* Data segment
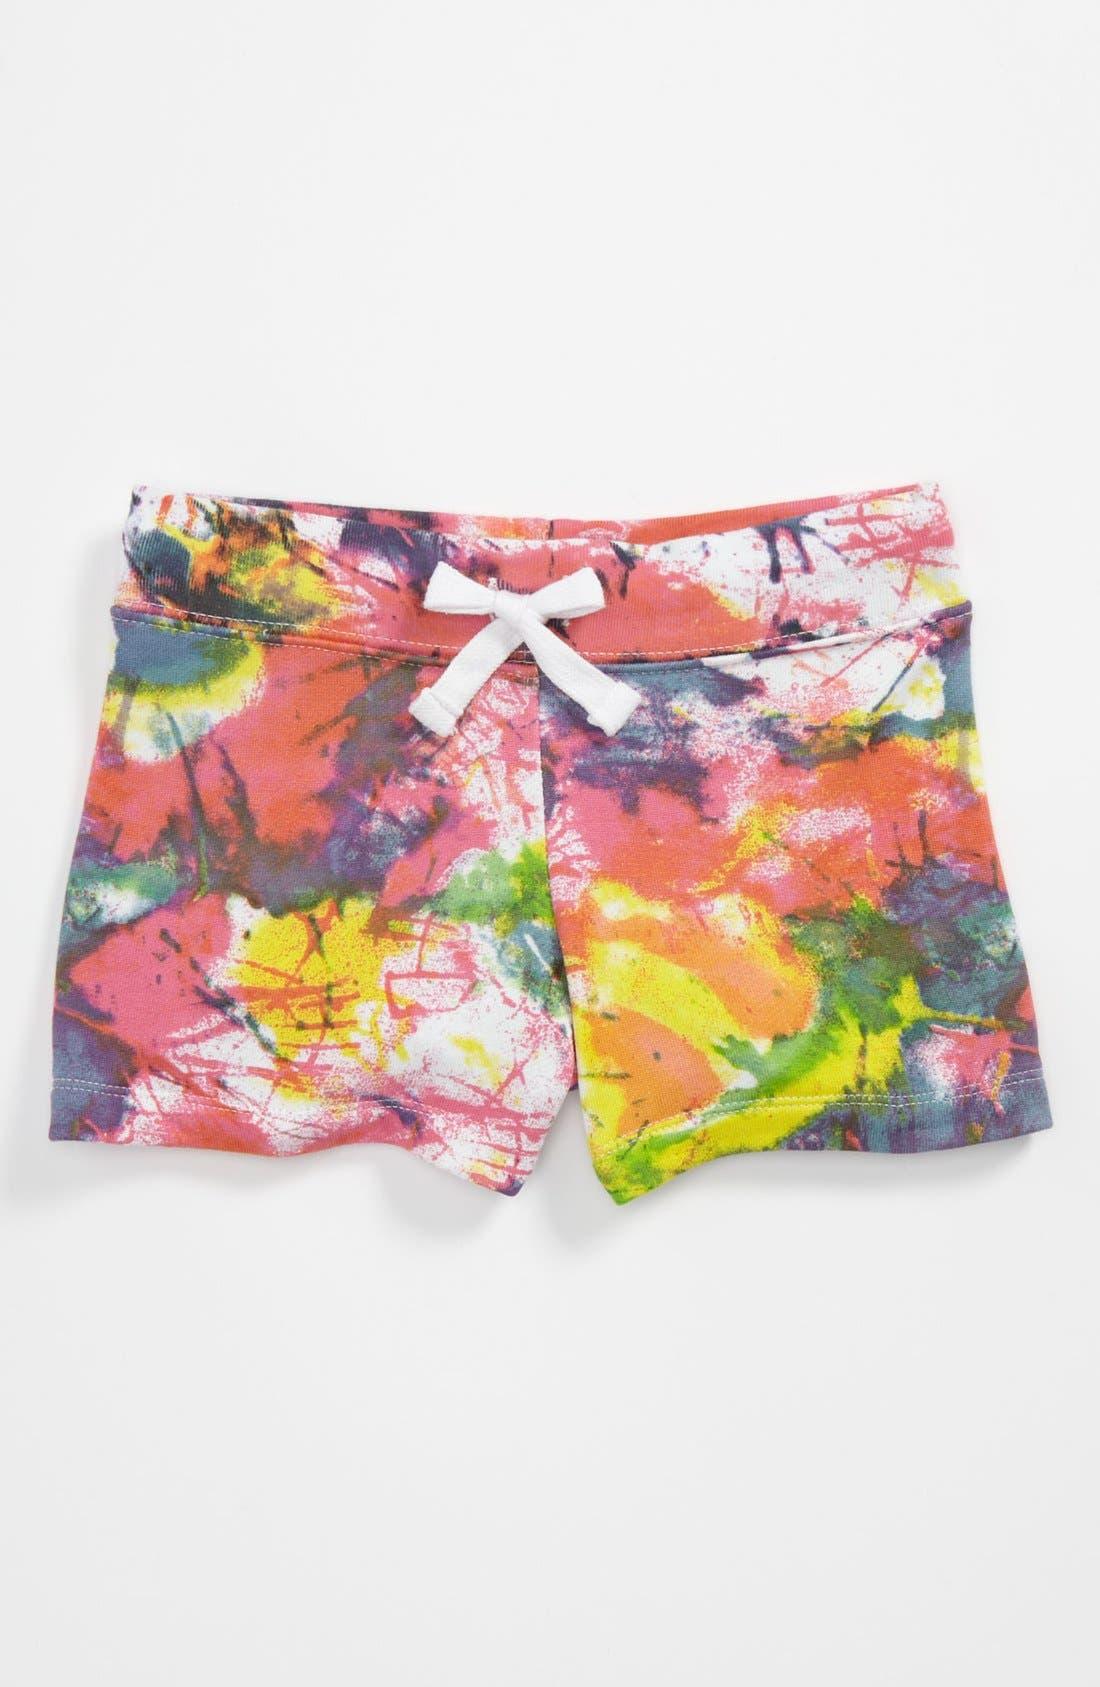 Alternate Image 1 Selected - Flowers by Zoe 'Splatter' Shorts (Little Girls)
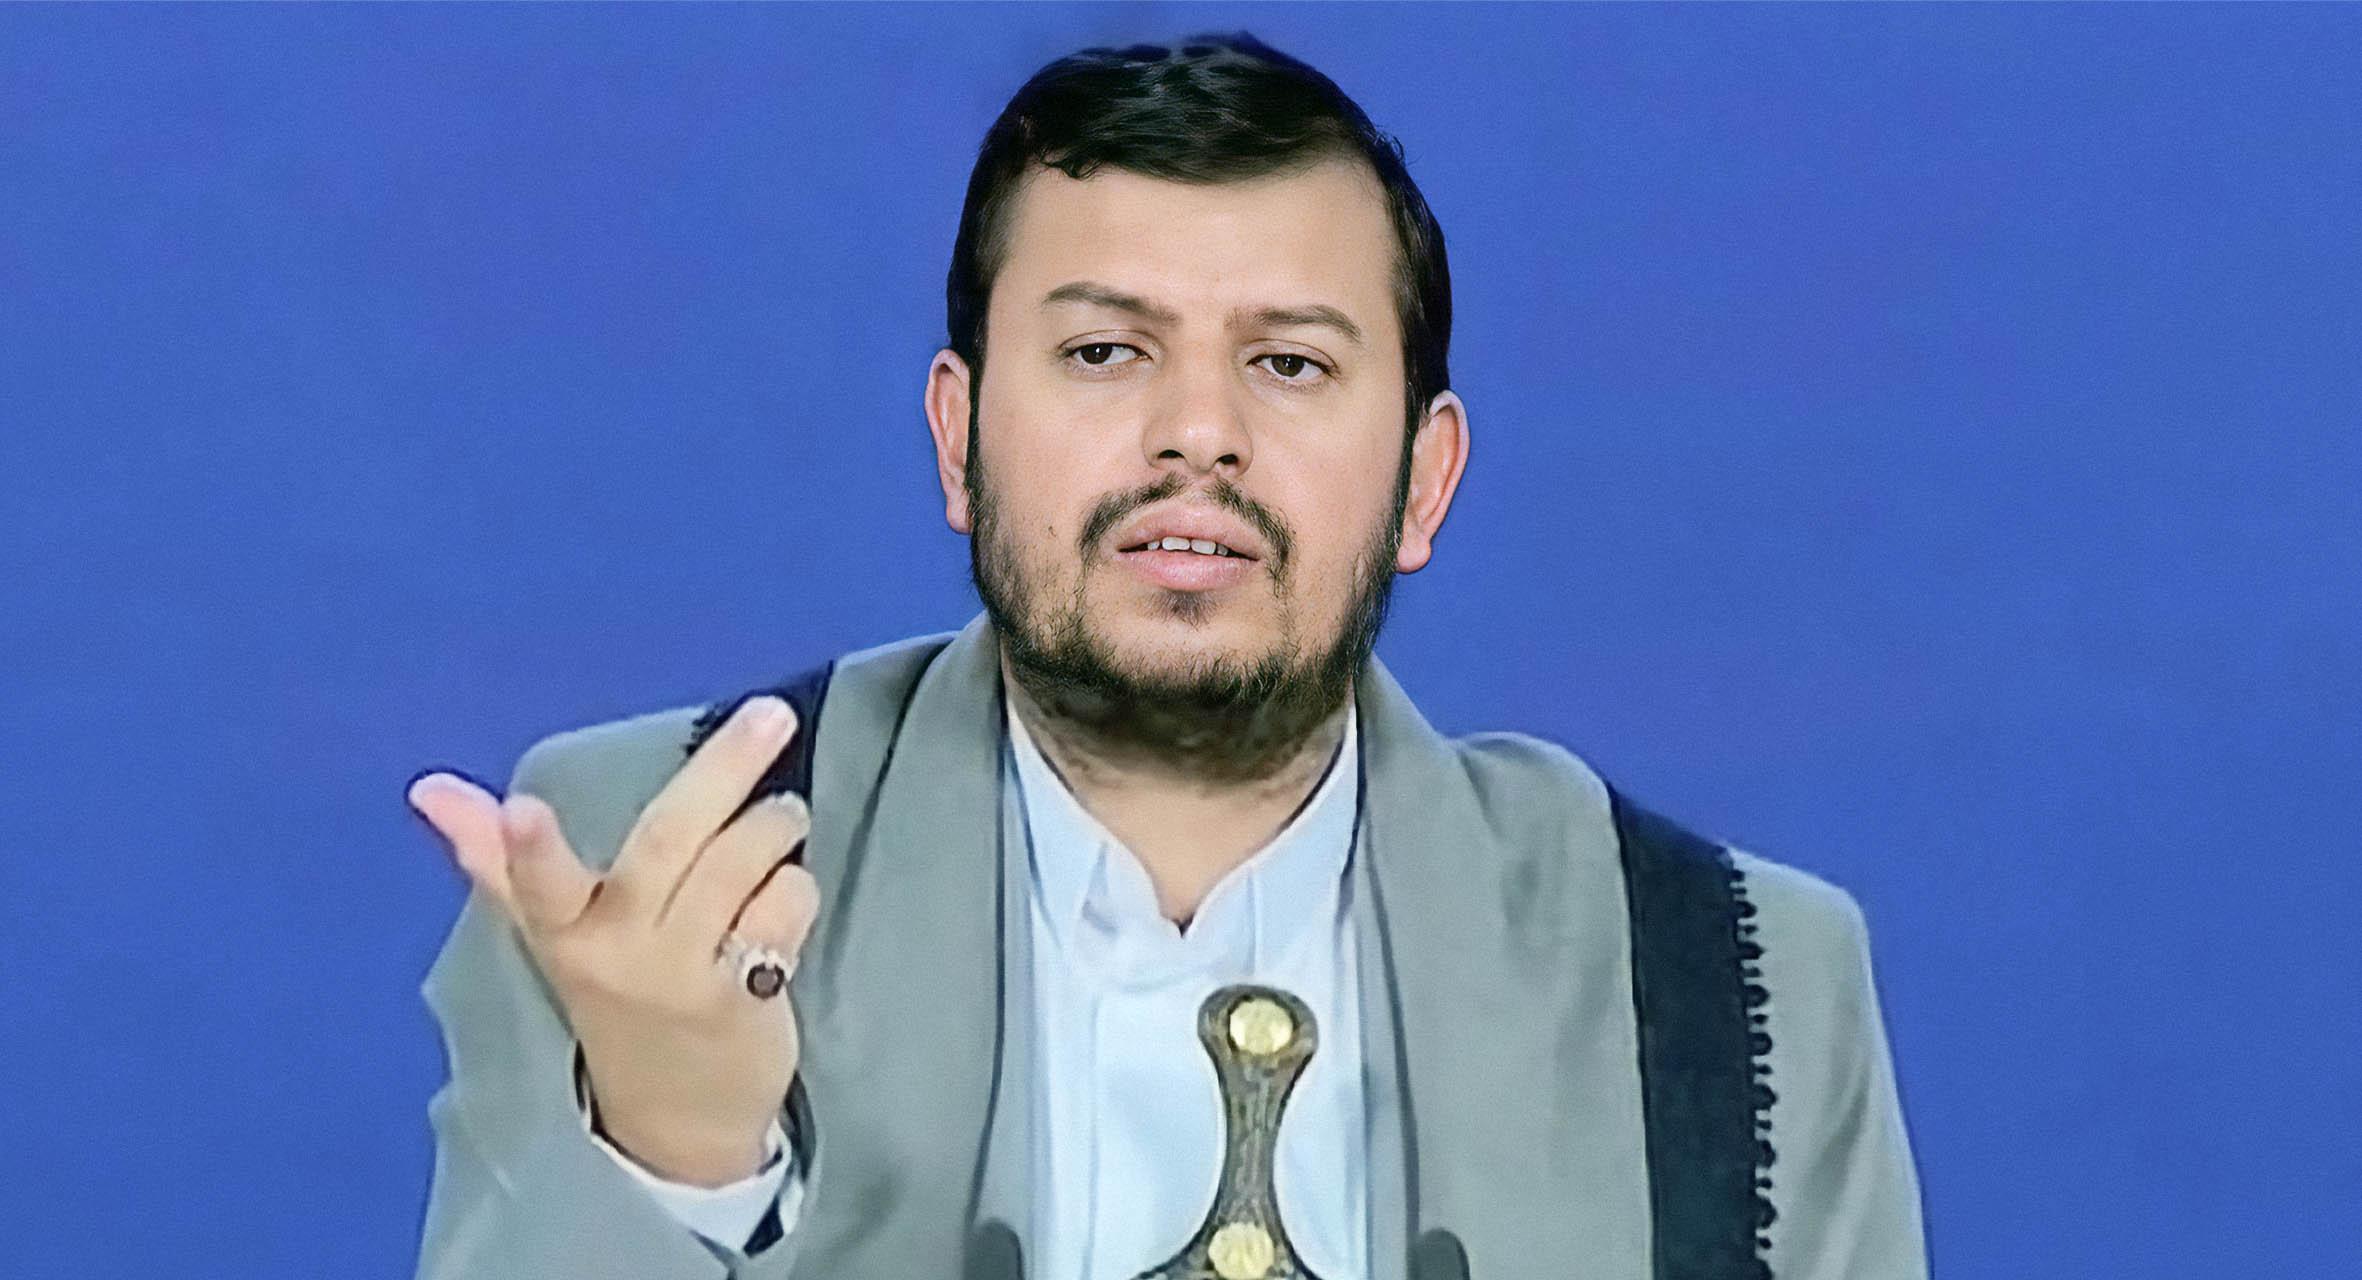 صورة إعلان الولايات المتحدة عزمها شطب الحوثيين من قائمة المنظمات الإرهابية يتسبب للجماعة بأزمة هوية
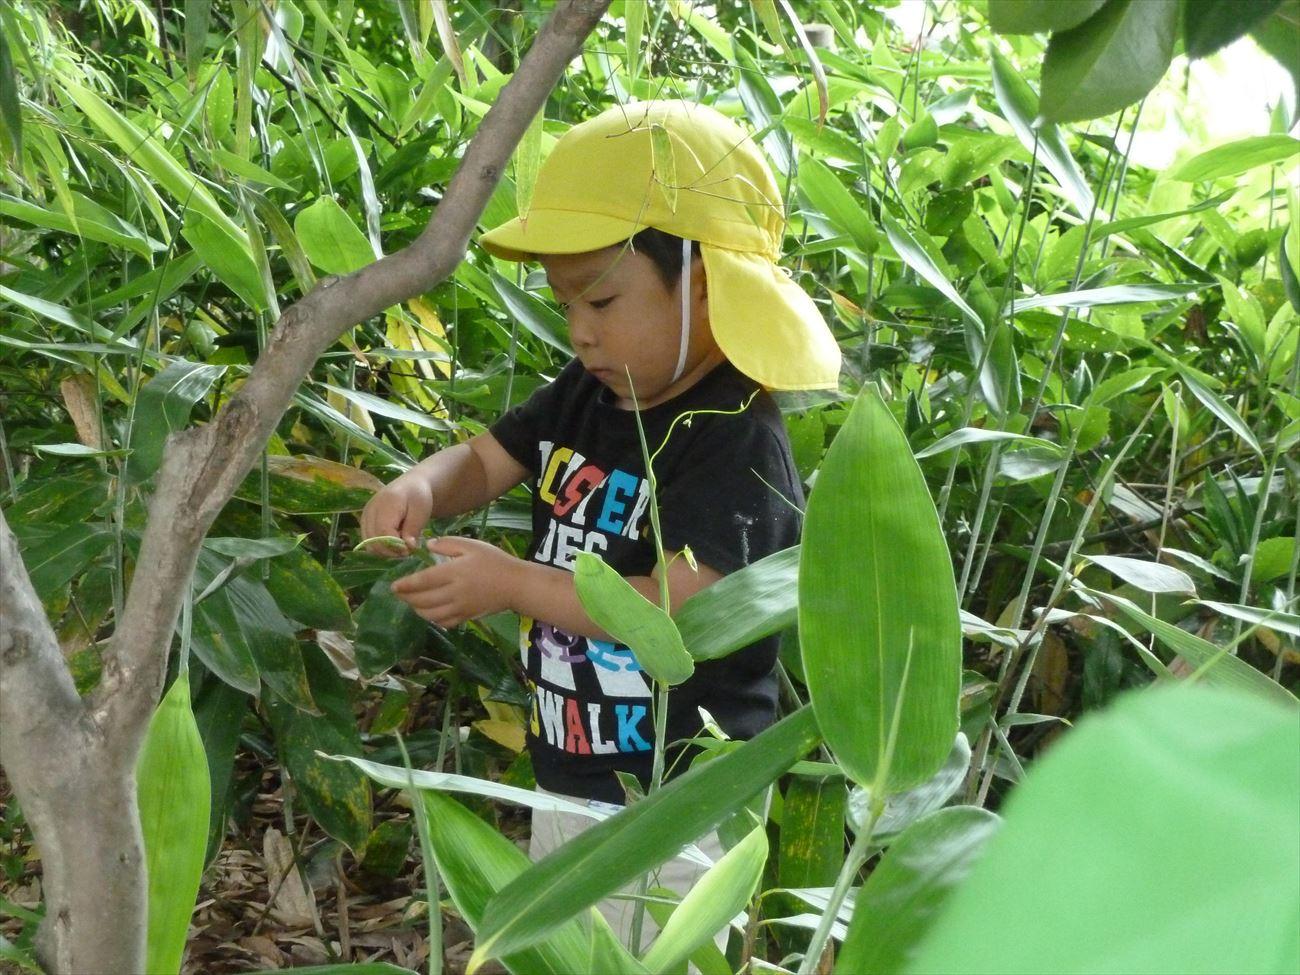 笹巻き作り{笹の葉取り」

* Problem description
An exact repetition of the listing is needed, with the pictures dropped.

* Response
 Alternate Image 1 Selected - Flowers by Zoe 'Splatter' Shorts (Little Girls)
 صورة إعلان الولايات المتحدة عزمها شطب الحوثيين من قائمة المنظمات الإرهابية يتسبب للجماعة بأزمة هوية
 笹巻き作り{笹の葉取り」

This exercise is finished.